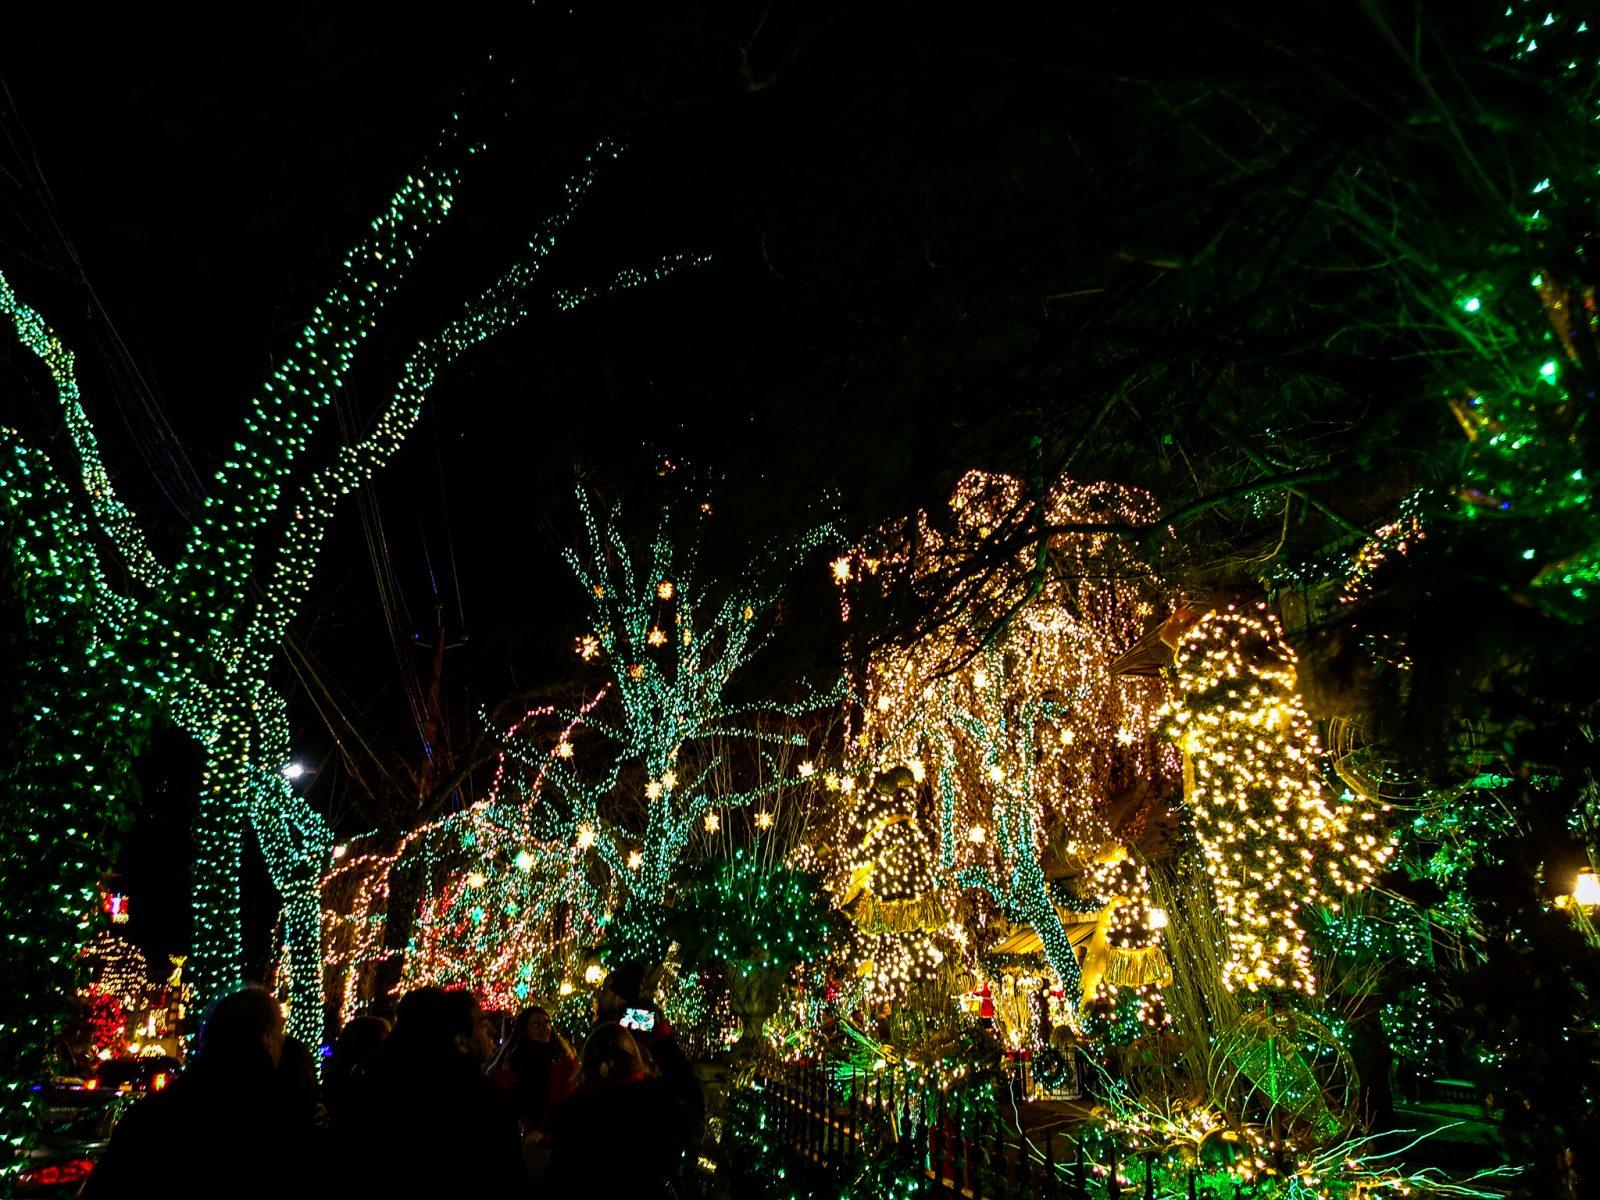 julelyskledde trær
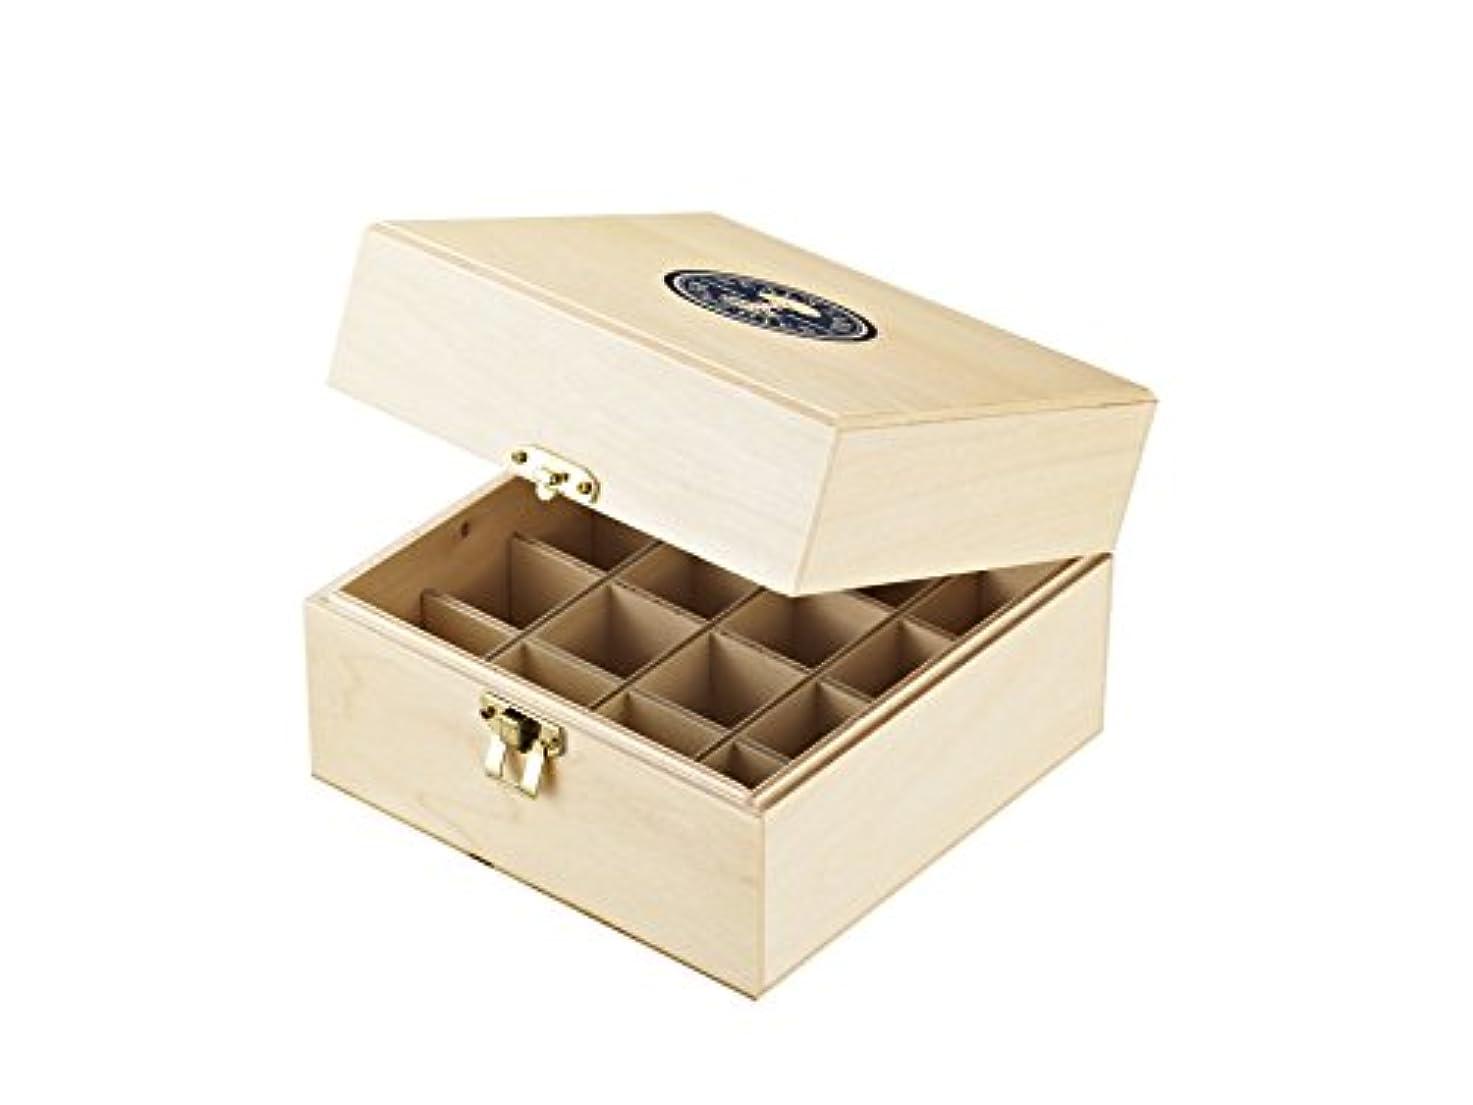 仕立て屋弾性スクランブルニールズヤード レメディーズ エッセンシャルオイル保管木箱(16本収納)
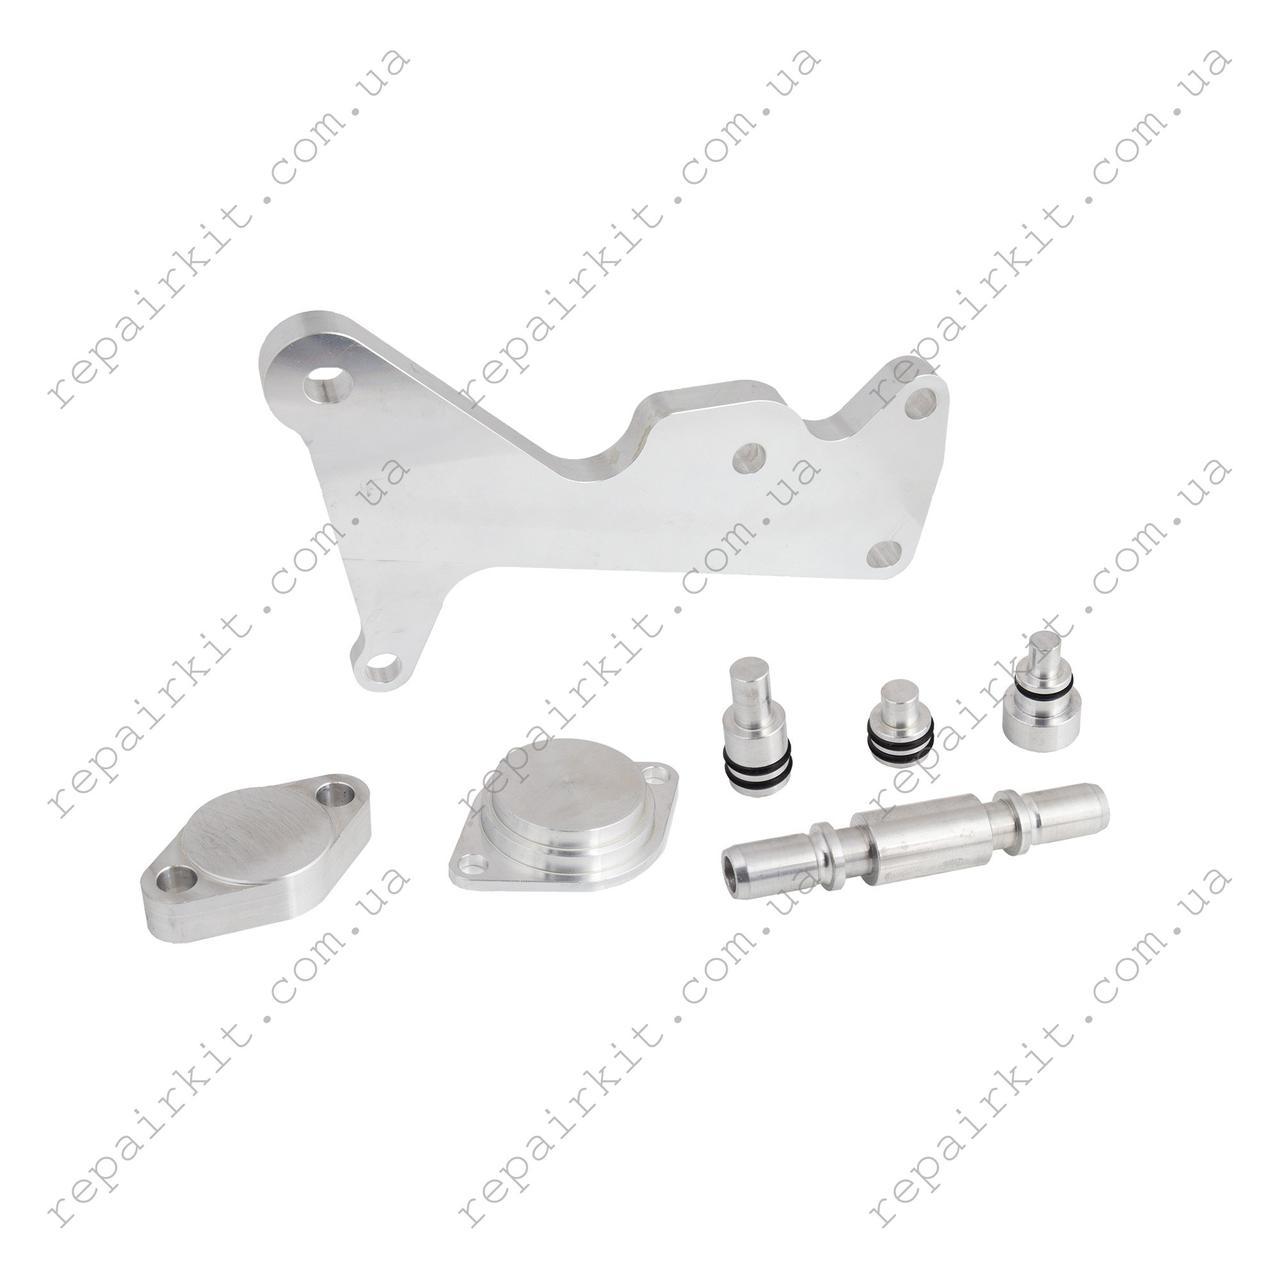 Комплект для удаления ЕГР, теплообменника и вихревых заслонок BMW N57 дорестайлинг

==

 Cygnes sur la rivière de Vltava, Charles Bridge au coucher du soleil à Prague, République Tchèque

--

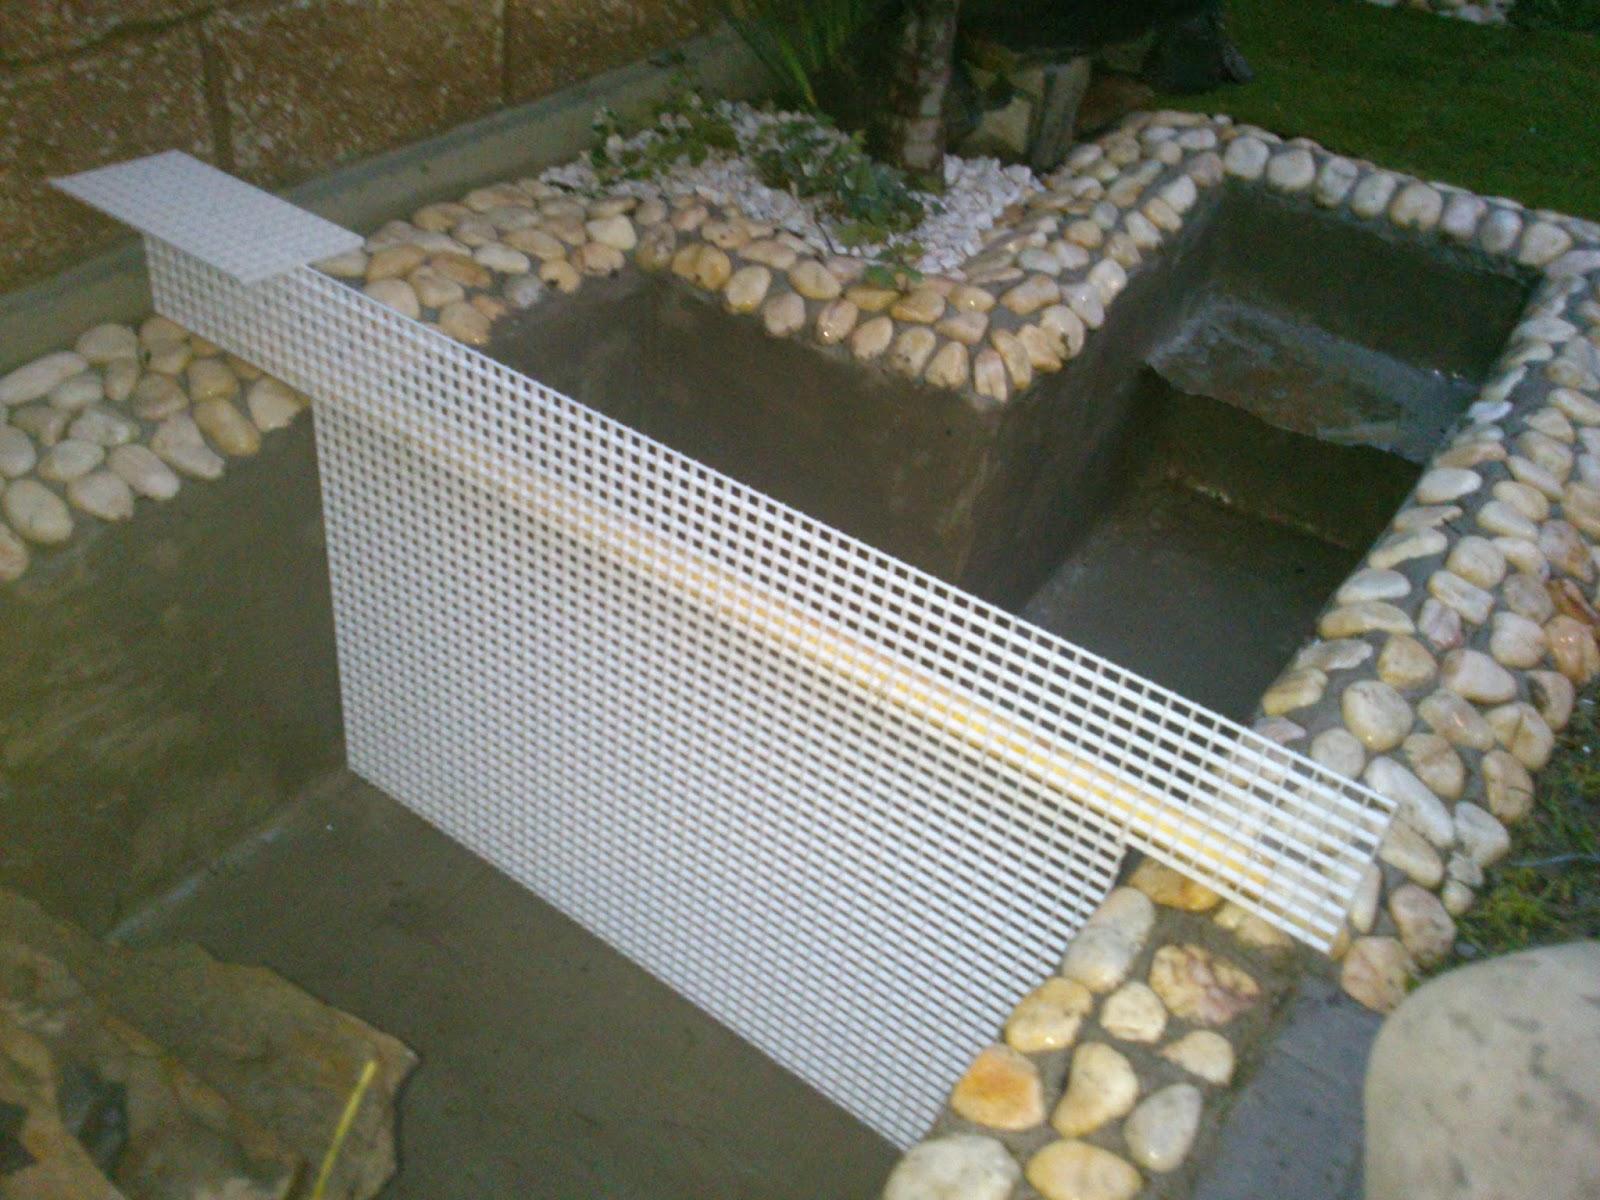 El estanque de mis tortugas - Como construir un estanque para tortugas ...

### WHAT TO PRODUCE
Go down the entries above from the line containing "仕立て屋弾性スクランブルニールズヤード レメディーズ エッセンシャルオイル保管木箱(16本収納)" to the line containing "Комплект для удаления" and write out each line exactly, leaving pictures out.

### RESULT OF THE EXERCISE
 仕立て屋弾性スクランブルニールズヤード レメディーズ エッセンシャルオイル保管木箱(16本収納)
 Комплект для удаления ЕГР, теплообменника и вихревых заслонок BMW N57 дорестайлинг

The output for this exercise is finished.